## RECORDS PROVIDED
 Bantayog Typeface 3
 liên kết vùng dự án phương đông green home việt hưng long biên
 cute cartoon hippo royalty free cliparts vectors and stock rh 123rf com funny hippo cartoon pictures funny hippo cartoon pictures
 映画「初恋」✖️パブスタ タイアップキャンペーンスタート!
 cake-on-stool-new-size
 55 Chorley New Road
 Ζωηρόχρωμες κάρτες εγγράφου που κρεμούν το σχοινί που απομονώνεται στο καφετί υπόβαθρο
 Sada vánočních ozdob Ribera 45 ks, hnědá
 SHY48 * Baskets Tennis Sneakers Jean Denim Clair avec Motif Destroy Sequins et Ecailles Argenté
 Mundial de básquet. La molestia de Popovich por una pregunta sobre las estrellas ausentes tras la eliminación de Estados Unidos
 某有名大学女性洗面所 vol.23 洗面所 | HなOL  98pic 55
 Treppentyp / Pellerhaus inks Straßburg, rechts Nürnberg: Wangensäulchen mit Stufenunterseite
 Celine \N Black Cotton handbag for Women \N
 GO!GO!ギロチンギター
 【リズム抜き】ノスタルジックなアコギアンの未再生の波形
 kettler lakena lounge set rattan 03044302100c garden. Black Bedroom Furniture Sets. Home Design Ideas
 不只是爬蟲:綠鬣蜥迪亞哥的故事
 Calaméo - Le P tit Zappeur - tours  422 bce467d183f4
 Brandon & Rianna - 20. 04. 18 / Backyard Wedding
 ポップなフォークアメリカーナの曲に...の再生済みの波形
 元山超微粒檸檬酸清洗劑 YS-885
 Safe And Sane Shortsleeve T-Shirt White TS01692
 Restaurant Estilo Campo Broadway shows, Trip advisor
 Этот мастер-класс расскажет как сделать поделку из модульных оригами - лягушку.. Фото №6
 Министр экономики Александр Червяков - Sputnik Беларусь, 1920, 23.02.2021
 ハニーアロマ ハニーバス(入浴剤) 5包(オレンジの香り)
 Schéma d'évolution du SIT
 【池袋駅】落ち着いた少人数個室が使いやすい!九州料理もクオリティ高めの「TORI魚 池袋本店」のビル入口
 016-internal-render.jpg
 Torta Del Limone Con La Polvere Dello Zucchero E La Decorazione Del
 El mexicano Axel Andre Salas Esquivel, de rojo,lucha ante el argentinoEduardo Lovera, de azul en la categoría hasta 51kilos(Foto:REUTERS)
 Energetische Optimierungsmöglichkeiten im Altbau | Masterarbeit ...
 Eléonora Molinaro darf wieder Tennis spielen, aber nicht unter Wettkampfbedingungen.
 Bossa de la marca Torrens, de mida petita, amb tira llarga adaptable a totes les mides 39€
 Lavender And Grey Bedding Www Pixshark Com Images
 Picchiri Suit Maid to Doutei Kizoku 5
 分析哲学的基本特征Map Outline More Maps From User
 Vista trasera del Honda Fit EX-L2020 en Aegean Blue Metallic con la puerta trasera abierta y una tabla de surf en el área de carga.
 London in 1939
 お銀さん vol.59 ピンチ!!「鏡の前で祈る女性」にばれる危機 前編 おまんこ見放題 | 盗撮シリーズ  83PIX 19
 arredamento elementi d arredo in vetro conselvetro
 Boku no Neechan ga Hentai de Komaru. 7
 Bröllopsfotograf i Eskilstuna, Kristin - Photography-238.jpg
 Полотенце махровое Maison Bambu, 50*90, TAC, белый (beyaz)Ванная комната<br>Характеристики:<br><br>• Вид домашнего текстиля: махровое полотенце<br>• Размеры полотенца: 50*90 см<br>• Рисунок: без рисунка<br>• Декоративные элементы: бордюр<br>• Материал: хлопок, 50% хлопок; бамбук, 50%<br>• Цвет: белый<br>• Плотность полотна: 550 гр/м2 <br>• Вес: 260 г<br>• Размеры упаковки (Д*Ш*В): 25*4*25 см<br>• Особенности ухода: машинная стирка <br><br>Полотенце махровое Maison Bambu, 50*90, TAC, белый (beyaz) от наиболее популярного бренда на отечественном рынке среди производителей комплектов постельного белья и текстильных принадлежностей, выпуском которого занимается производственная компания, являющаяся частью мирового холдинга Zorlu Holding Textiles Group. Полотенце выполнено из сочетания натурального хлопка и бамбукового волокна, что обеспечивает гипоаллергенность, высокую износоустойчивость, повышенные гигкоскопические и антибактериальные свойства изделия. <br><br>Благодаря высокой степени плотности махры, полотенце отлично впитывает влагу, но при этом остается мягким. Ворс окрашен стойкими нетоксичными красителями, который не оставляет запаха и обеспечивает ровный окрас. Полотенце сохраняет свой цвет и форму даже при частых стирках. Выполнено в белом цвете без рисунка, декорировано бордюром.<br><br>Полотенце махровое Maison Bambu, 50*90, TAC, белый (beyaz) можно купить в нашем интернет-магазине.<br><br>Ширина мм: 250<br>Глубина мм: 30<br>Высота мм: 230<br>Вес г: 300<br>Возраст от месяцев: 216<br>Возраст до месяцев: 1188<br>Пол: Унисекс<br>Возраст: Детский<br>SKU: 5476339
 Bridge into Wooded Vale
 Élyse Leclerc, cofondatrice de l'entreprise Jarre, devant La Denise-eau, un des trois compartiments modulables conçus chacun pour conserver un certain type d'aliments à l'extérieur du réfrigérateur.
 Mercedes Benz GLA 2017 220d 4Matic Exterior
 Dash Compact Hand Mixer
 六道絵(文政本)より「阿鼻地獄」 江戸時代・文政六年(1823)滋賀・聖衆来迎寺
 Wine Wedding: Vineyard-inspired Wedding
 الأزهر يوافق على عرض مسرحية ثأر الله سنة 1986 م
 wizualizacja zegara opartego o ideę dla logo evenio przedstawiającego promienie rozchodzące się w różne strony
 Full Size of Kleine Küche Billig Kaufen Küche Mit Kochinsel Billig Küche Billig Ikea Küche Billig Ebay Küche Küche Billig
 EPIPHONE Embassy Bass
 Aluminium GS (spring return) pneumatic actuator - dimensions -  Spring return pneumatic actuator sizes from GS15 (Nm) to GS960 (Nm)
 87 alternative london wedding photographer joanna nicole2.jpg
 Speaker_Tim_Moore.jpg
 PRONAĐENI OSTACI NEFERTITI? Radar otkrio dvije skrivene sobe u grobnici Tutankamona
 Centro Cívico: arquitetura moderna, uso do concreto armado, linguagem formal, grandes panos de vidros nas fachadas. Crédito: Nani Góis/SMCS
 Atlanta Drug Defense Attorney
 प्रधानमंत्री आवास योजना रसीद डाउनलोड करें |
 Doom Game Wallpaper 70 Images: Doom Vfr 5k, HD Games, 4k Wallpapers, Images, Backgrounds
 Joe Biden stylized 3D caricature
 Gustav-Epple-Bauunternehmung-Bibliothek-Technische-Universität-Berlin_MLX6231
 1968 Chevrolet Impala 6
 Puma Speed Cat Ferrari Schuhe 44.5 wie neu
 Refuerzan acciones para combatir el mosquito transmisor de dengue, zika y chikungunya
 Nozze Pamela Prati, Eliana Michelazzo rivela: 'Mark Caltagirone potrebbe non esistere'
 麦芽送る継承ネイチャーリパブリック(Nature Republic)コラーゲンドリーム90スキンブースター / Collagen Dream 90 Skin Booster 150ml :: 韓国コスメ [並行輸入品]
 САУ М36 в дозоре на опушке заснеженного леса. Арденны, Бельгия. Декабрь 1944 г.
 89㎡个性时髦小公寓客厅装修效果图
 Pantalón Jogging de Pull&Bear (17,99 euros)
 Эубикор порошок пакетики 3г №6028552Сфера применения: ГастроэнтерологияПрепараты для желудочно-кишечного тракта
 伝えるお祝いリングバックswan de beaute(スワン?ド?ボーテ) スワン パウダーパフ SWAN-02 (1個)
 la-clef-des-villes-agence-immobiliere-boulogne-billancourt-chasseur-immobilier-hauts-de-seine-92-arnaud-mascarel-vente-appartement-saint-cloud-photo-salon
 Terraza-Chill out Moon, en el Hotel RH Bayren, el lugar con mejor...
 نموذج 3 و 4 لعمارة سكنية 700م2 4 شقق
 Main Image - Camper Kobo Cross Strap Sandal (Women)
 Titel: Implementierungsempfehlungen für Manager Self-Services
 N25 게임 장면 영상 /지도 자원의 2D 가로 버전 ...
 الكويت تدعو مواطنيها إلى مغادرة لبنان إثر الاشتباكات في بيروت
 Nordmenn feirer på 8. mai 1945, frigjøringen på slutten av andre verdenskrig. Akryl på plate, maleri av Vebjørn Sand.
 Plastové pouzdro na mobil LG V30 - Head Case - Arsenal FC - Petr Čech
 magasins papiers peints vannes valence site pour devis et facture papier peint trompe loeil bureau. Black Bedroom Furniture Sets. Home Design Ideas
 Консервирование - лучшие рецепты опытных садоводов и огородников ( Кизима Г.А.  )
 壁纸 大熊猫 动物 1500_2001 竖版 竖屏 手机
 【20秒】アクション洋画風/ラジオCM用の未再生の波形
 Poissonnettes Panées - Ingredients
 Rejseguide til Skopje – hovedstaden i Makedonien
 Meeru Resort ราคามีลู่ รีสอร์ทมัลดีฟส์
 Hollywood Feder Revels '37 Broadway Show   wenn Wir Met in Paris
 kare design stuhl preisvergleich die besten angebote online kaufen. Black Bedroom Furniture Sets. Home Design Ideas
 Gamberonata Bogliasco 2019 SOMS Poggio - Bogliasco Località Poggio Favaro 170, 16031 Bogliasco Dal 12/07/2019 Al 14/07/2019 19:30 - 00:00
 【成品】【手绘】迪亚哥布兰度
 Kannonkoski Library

## YOUR OBJECTIVE
Give back the records word for word. Start at the first line, end at the line containing "映画「初恋」✖️パブスタ タイアップキャンペーンスタート!", and include both.

## TASK ANSWER
 Bantayog Typeface 3
 liên kết vùng dự án phương đông green home việt hưng long biên
 cute cartoon hippo royalty free cliparts vectors and stock rh 123rf com funny hippo cartoon pictures funny hippo cartoon pictures
 映画「初恋」✖️パブスタ タイアップキャンペーンスタート!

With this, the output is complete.